The study highlighted in this article introduces an inexpensive empirical method for determining the total thermal resistance (TTR) index of a building by calculating it as a result of measuring the exact heat loss over a short time and recording interior/exterior temperature difference for that same period. The TTR index is calculated with the formula:
TTR = ΔT/Q
Where:
ΔT is the temperature difference in C; and
Q is the heat loss rate in kWh/h.
For example, if the recorded exterior temperature over a span of 24 hours is −20 C and the measured heat loss/consumption is 240 kWh in order to keep the interior temperature at 20 C, then the TTR index, say, for a 40-year-old house in Prince George, would be calculated using the equation above as:
TTR = ΔT/Q = (20 – [−20]) / (240 / 24) = 4
The proposed TTR index accounts for the combined R-values of all building components, air leaks, and dimensions. It can provide a very good indication of the energy needs of a specific house. A high TTR index can mean a well-built home, with good insulation and airtightness, but it can represent low energy needs associated with a smaller house as well.

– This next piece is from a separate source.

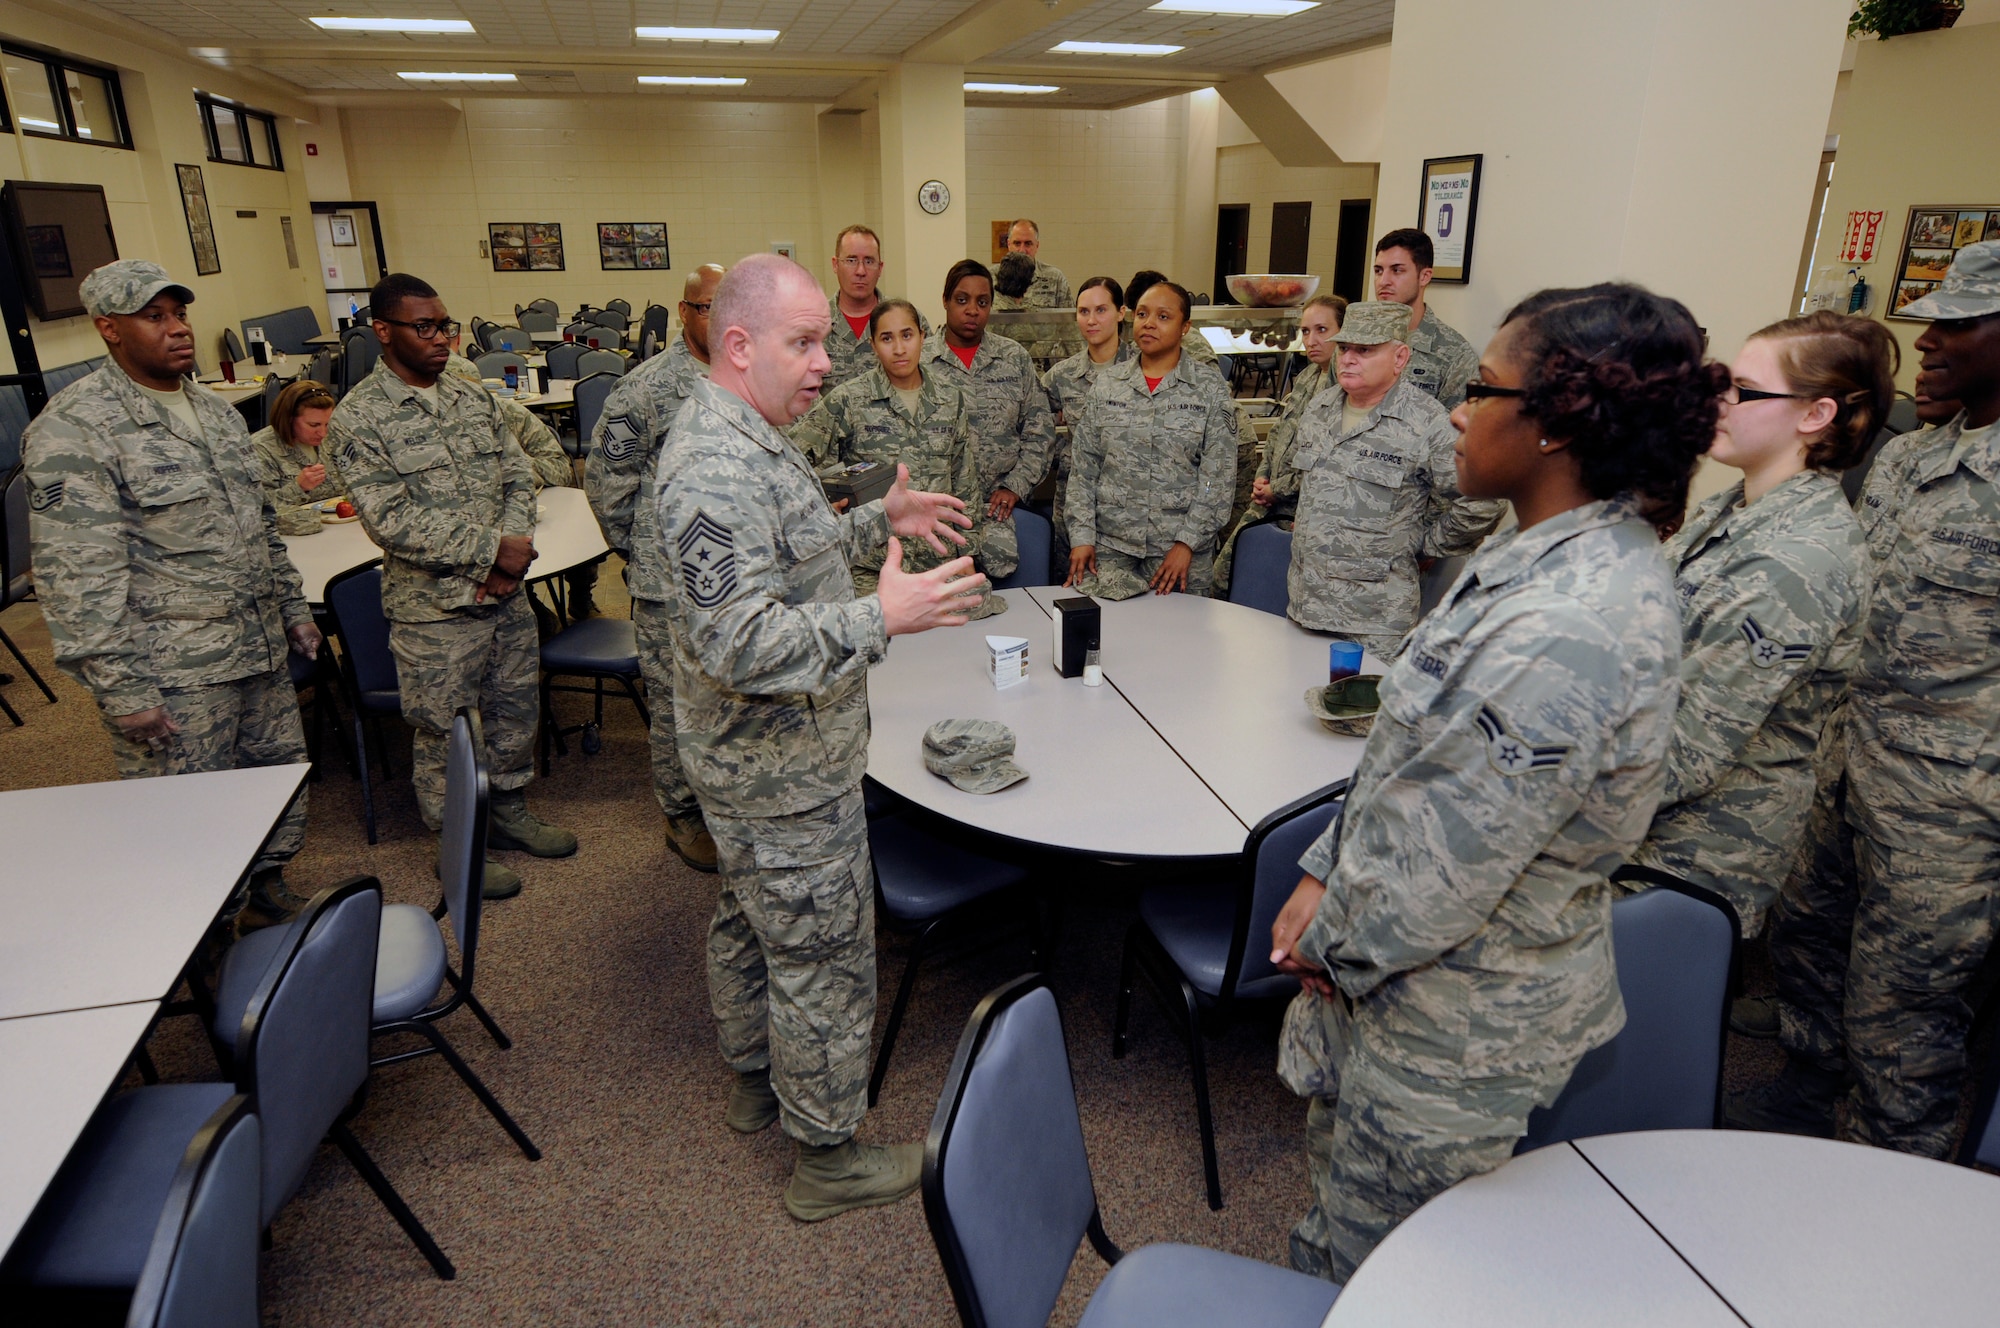 U.S. Air Force Command Chief Master Sergeant of the Air National Guard James W. Hotaling (center) gives a special thanks to members of the 145th Force Support Squadron working in the dining facility, for their hard work and contribution to the mission during his visit to the North Carolina Air National Guard Base, Charlotte Douglas International Airport, March 12, 2016. During the visit, Hotaling discussed his focus of renewing the commitment to the profession of arms, the health of the force, and recognizing the accomplishments of the 145th Airlift Wing. Hotaling also lead an all enlisted call to provide Airmen with an opportunity to ask questions about their concerns. (U.S. Air National Guard photo by Staff Sgt. Julianne M. Showalter/ Released)

This works similarly to the rating of cars for fuel consumption. Sometimes, high engine performance alone can be deceiving when assessing the overall consumption of the car. A brand new pickup truck can have very good engine fuel efficiency, but it still may consume a lot of gas because of its size. Nowadays, many energy-conscious people are equally interested in energy efficiency and downsizing their own energy needs. TTR index can be easily converted into actual energy consumption for space-heating by estimating the energy efficiency of the heating system, the exterior temperature, and the desired interior temperature.
For the existing Canadian residential building sector, the research project’s very rough estimates suggest the values of TTR indexes would be on a scale of 1 to 10, with TTR-1 being the most energy-demanding house and TTR-10 the least energy-demanding. The results of this experiment showed Shed 1 with reflective foil as vapour barrier had the highest TTR index (TTR-90) of all shed configurations. This corresponds to the least heat loss or energy needs for space-heating. Shed 2 with poly vapour barrier had the lowest TTR index (TTR-82).
It is evident the high values of TTR indexes in this experiment are the consequence of a small interior space in conjunction with good wall insulation. However, a house may require 20 times more heat than an insulated shed. Thus, the TTR index of a house may be 20 times smaller than the TTR index of a shed—probably in the expected range from 1 to 10.
The calculation of the TTR index should be independent of temperature difference, as it is only a measure of insulation and size of the building structure. For example, replicating the measurements in the same Shed 2 for a second week generated the same value for the TTR index (Figure 5), although the temperature differential was different (DT decreased by approximately nine per cent).
There was no difference in recorded RH between the two sheds (i.e. reflective foil versus poly). In fact, the recorded humidity was quite low—a subsequent study may include humidifiers installed in each shed, which may affect heat transfer as well.